Мое визуальное наслаждение прервала фигура руки с открытой бутылкой вина в ней. Я осознал ее присутствие у меня перед глазами лишь спустя секунду. Осознал предложение выпить лишь через несколько секунд. Я отпил. Вкус вина был таким же отвратительным, как и вкус коньяка. Все было здесь, в этой чертовой дыре, монолитным. Я еще раз убедился в этом.
– Пошли ко мне, – робко произнесла рыжеволосая девушка, не глядя на меня. Она нарушила паутину тишины, проткнув ее этим вопросом.

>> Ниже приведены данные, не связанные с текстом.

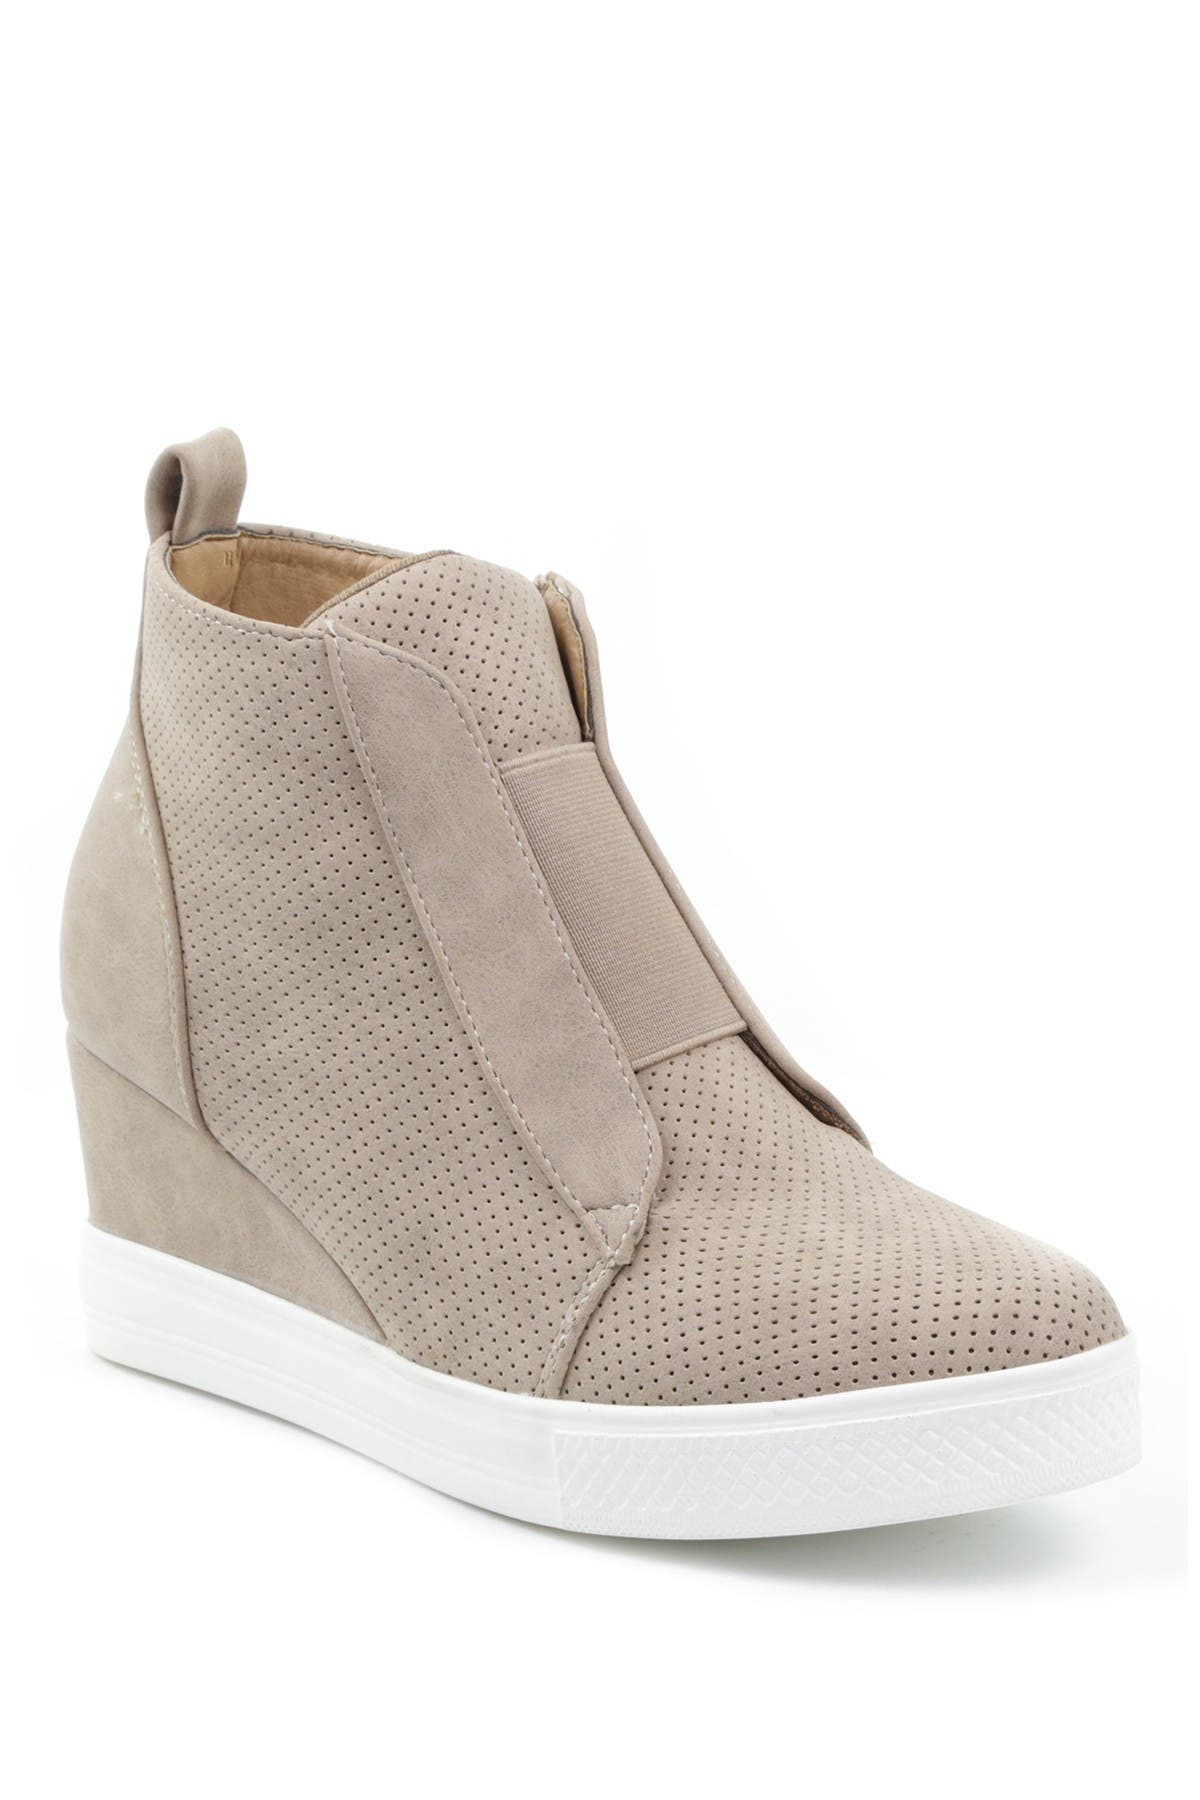 Image of Catherine Malandrino Sabra Perforated Wedge Sneaker

Ее голос был в меру нежен, в меру груб и громок. Я не растаял от ее предложения, удивился я ему лишь слегка.
– Далеко идти? – спросил я.
Она встала и пошла. Я встал и пошел за ней.
Мы шли и молчали, мы шли и смотрели себе под ноги. Я старался обходить лужи и грязь, моя спутница – плыла сквозь всю эту слякоть. В итоге, мы подошли к магазину.

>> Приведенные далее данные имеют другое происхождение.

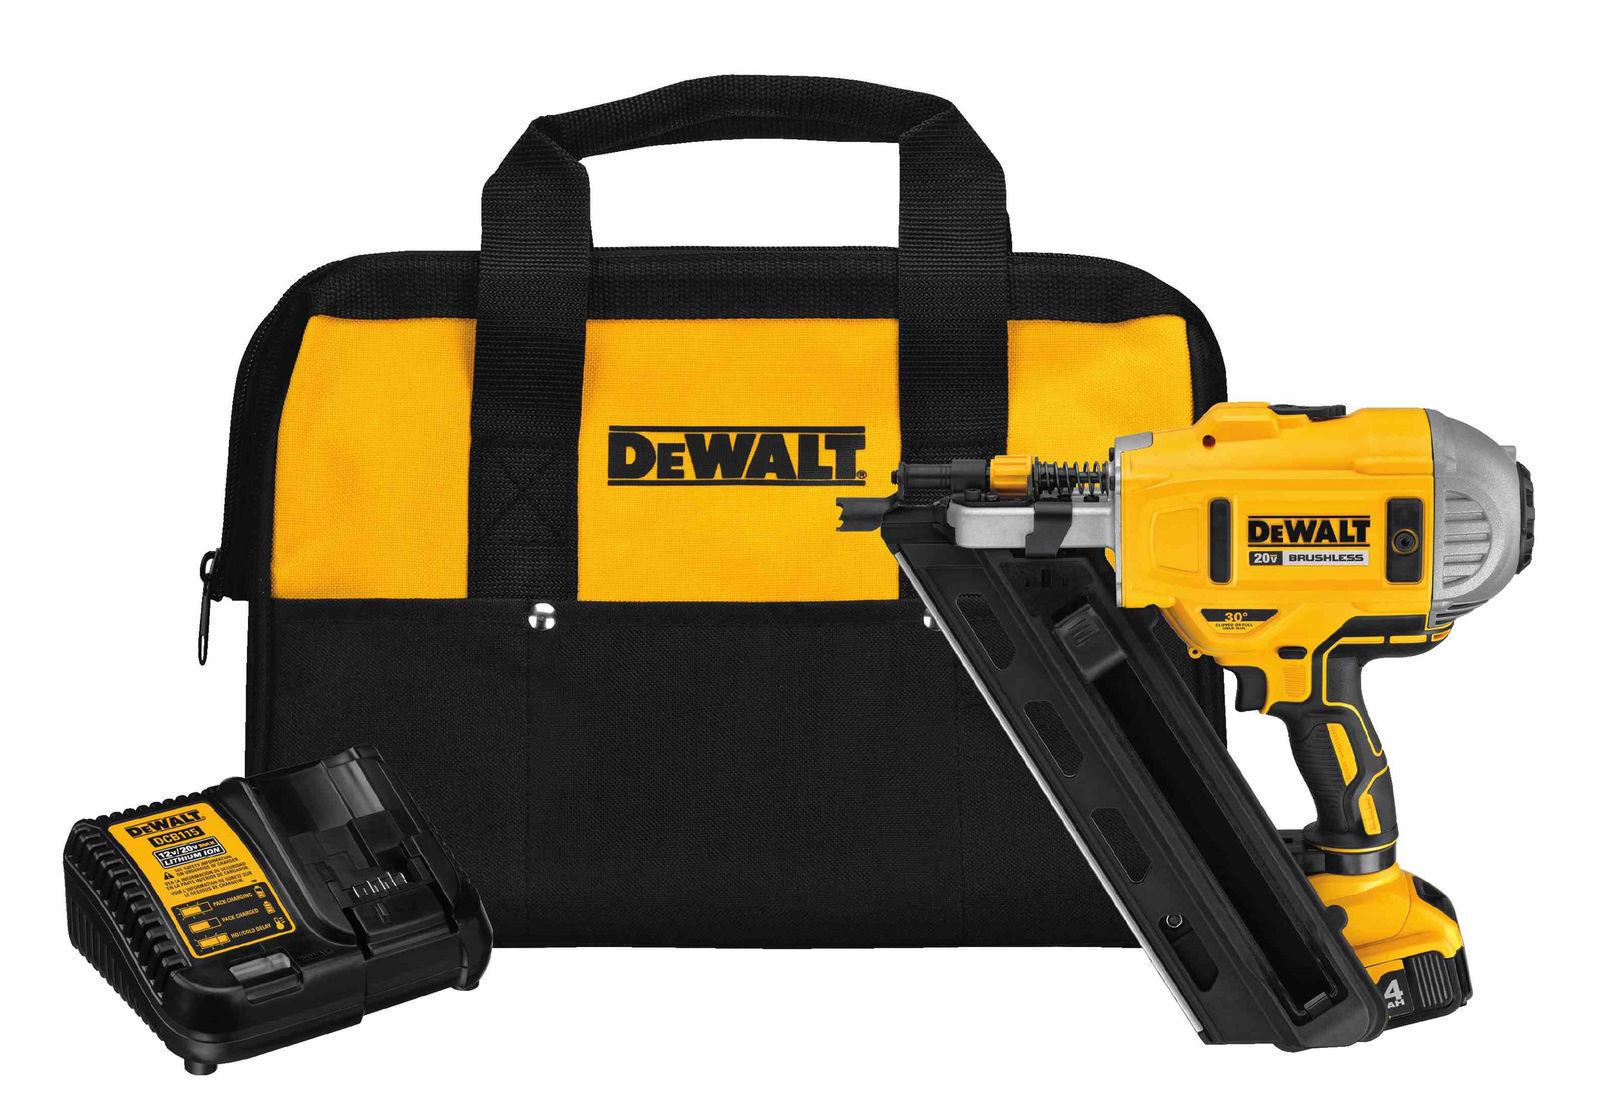 DEWALT DCN692M1 20V Cordless Nailer Kit | eBay

– Подожди, – тихо произнесла она и проследовала вовнутрь, предварительно отдав мне бутылку. Я оглянулся по сторонам и снова отпил.
Моя молчаливая спутница вышла с двумя бутылками такого же вина и взглянула на меня. Все-таки это произошло. В ее глазах я увидел такую же грязь, как и у себя под ногами, как под ногтями мужчины с генделя. Казалось, ее можно зачерпнуть ложкой, казалось, что зачерпнуть должен я. Я точно знал, что ее я не полюблю, не захочу вы*****, не захочу выругать, не захочу обнять, не захочу ударить и еще миллион «не захочу». Это я знал, это мне не казалось.
Мы продолжили наше путешествие. Я все скулил внутри, поддавался безмерной трусости. Она все молчала, шла, вступая в лужи и поскальзываясь на грязи. Вскоре мы пришли по адресу.
Дом, в котором жила рыжеволосая, ничем не отличался от других: все та же вонь, все тот же бледный цвет стен, все такие же разбитые окна и обшарпанная дверь подъезда. Жила она на втором этаже в однокомнатной квартире.
Квартира была грязная, что никак меня не удивило. Она была пустой. Стены темно-зеленого цвета, измазанные, точно цвет штанов убитого в бою солдата. Затхлость наполняла пространство до краев – казалось, окно сейчас с треском вылетит. Справа от окна лежал широкий испачканный матрас, левее от окна – небольшой шатающийся стол, на котором стояла пустая ваза с грязной водой. Зайдя, моя спутница бросила курточку и шапку на пол, я же – лишь расстегнулся, шапку положил в карман курточки. Она пошла на кухню открывать бутылку. Вернувшись, рухнулась на матрас и оперлась об стену. Я сел рядом.
Теперь девушка не стеснялась смотреть на меня, а напротив – поедала меня своими мутными глазищами. Мы молчали. Мы пили. Я все не находил себе покоя – внутри меня была буря, которая вот-вот вырвется наружу, вырвет густой ярко-рыжий локон, разорвет эти стены, точно бумажные. Буря эта рождалась в моей голове и сердце, состояла она из воспоминаний о том времени, когда я был маленьким и восхищался матерью, ее безмерным теплом и постоянно печальными глазами нежно-голубого цвета. Такой цвет часто бывает у неба в конце сентября, когда тепло покидает нас. Буря была соткана из историй отца, его забавных словосочетаний, которые меня всегда смешили. Сейчас же остался лишь зыбкий горячий песок, который практически высыпался сквозь пальцы…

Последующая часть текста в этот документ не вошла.